「自分に価値がある」と思うことが大切
――『嫌われる勇気』は、幅広い世代の悩める人々に向けられた本でした。今作『愛とためらいの哲学』は、特に若い世代に向けられた本ですね。私はよく世間で言われる「恋愛・結婚しない若者」の1人なので、岸見先生のご意見をうかがいたいと思っています。
【岸見】わかりました。本書が若者を読者に想定しているのはたしかです。というのも、本書を担当した編集者は26歳で、「ためらい」は彼がこだわった言葉なのです。若者は「ためらい」があるので、恋愛しない。もしくは、結婚しない。もっと勇気を持ってもいいのではないか。本書のメッセージの1つです。
ところで、あなたはどうして恋愛しよう、結婚しようと思わないのですか?
――「自分に恋愛・結婚する価値がない」という考えに陥っているのかもしれません。容姿や職業、収入にしろ、こんな自分が他人と恋愛ができない。結婚に資するものがない。さらにいうと、そのようなコンプレックスをよく言い訳にしています。
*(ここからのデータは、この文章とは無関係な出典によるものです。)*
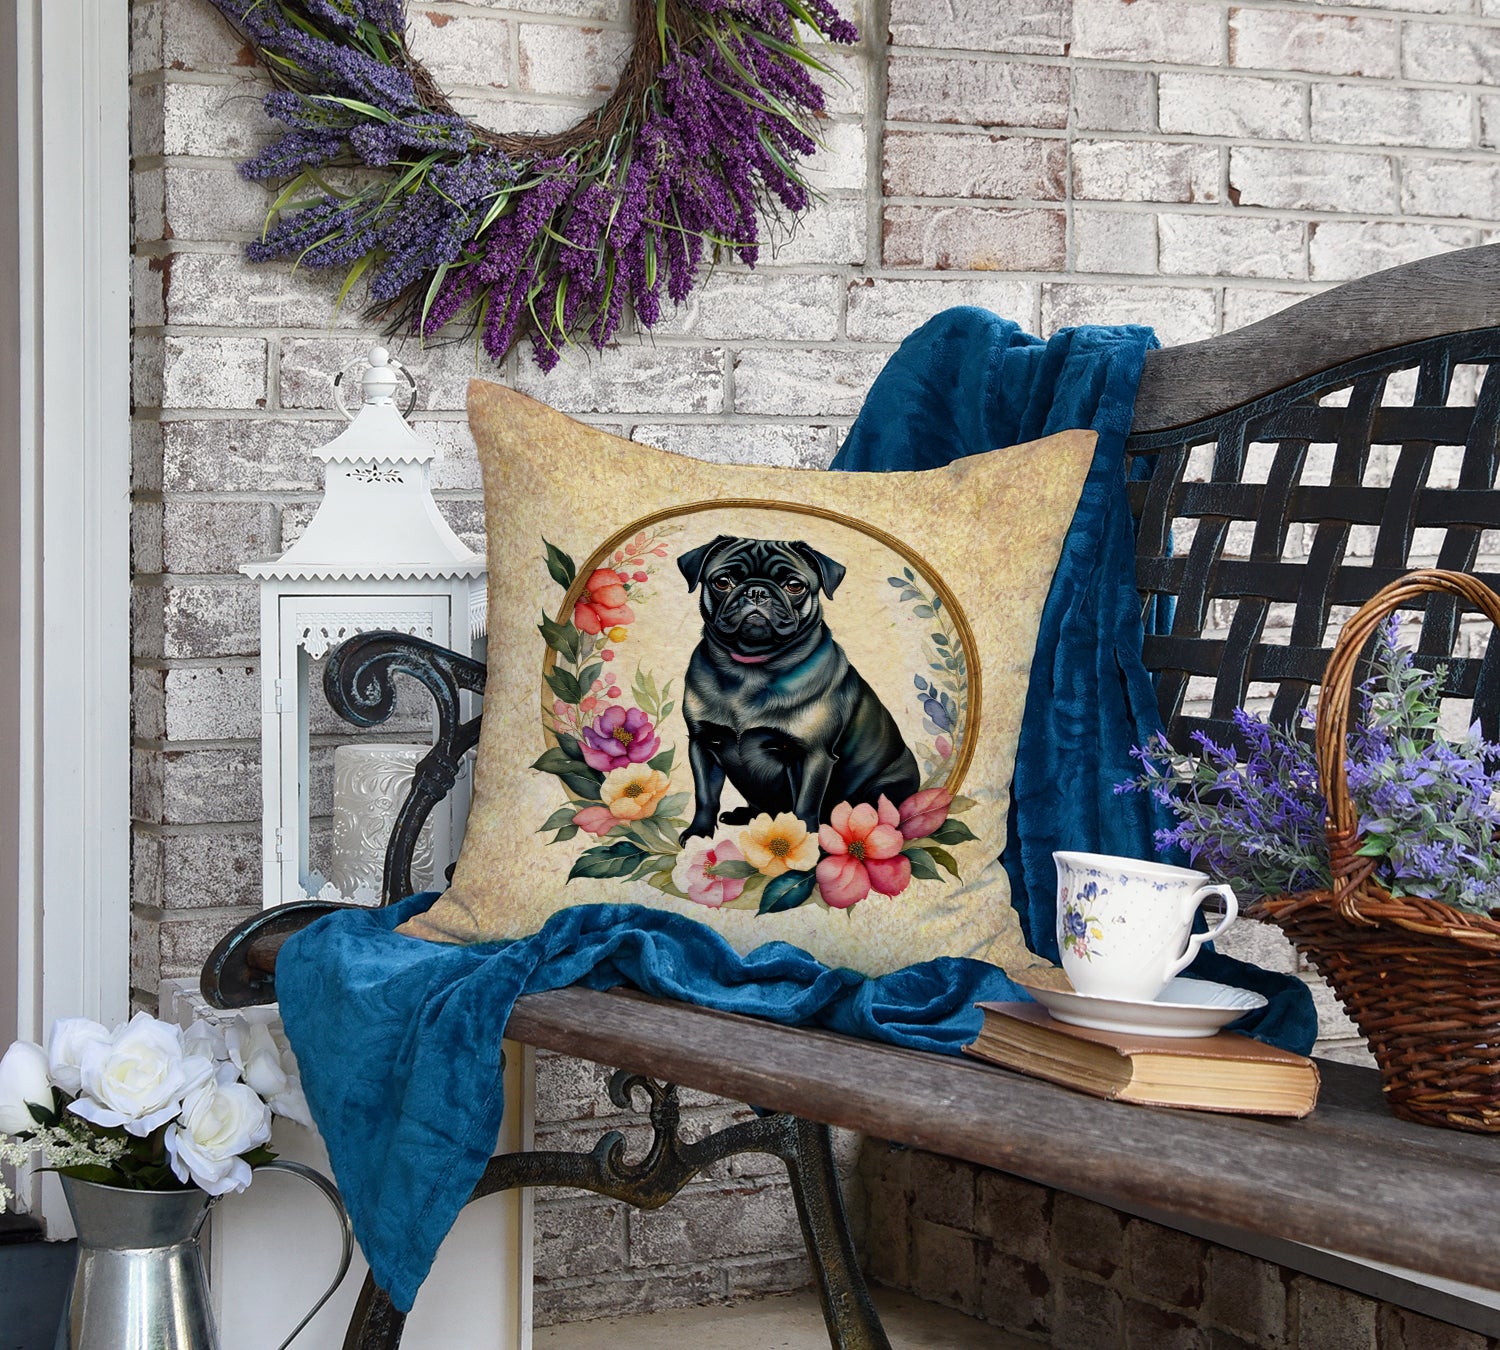 Black Pug and Flowers Fabric Decorative Pillow

【岸見】なるほど。アドラーの教えでいうと、そもそも「自分に価値がある」と思えてこそ勇気を持てるし、幸せになれる。もし、自分に価値がない、と思っているのなら恋愛にとどまらない問題ですね。そしてその価値とは、職業や収入といった「属性」ではありません。自分に価値があるかどうかは、自分自身で決めるものです。
恋愛に対して、自信が持てないのでしょうか。自信のある人は、1人2人に振られても構わない、と思います。自信がない人ほど、「この人に振られるともう次はない」と思い悩んでしまう。相手が「好きだ」と言ってくれなければ、もうこの世の終わり。だから「あえて告白しない」。告白しない理由を「自分で自分が好きになれないのに、どうして他の人が好きになってくれるのか」と考えて、勇気を振り絞る前に納得してしまう。
若者は「言い訳」を探している?
――「ためらい」というか、むしろ言い訳を探しているのかもしれません。さらにいうと、恋愛を優先順位の下に置いているのだと思います。恋愛よりももっと大事なものがある。仕事や趣味が優先で、恋愛は二の次だと。
【岸見】アドラーは、仕事の課題と恋愛の課題は等価だと考えます。本来、その課題を比べて、何が優先されるべき、というわけではありません。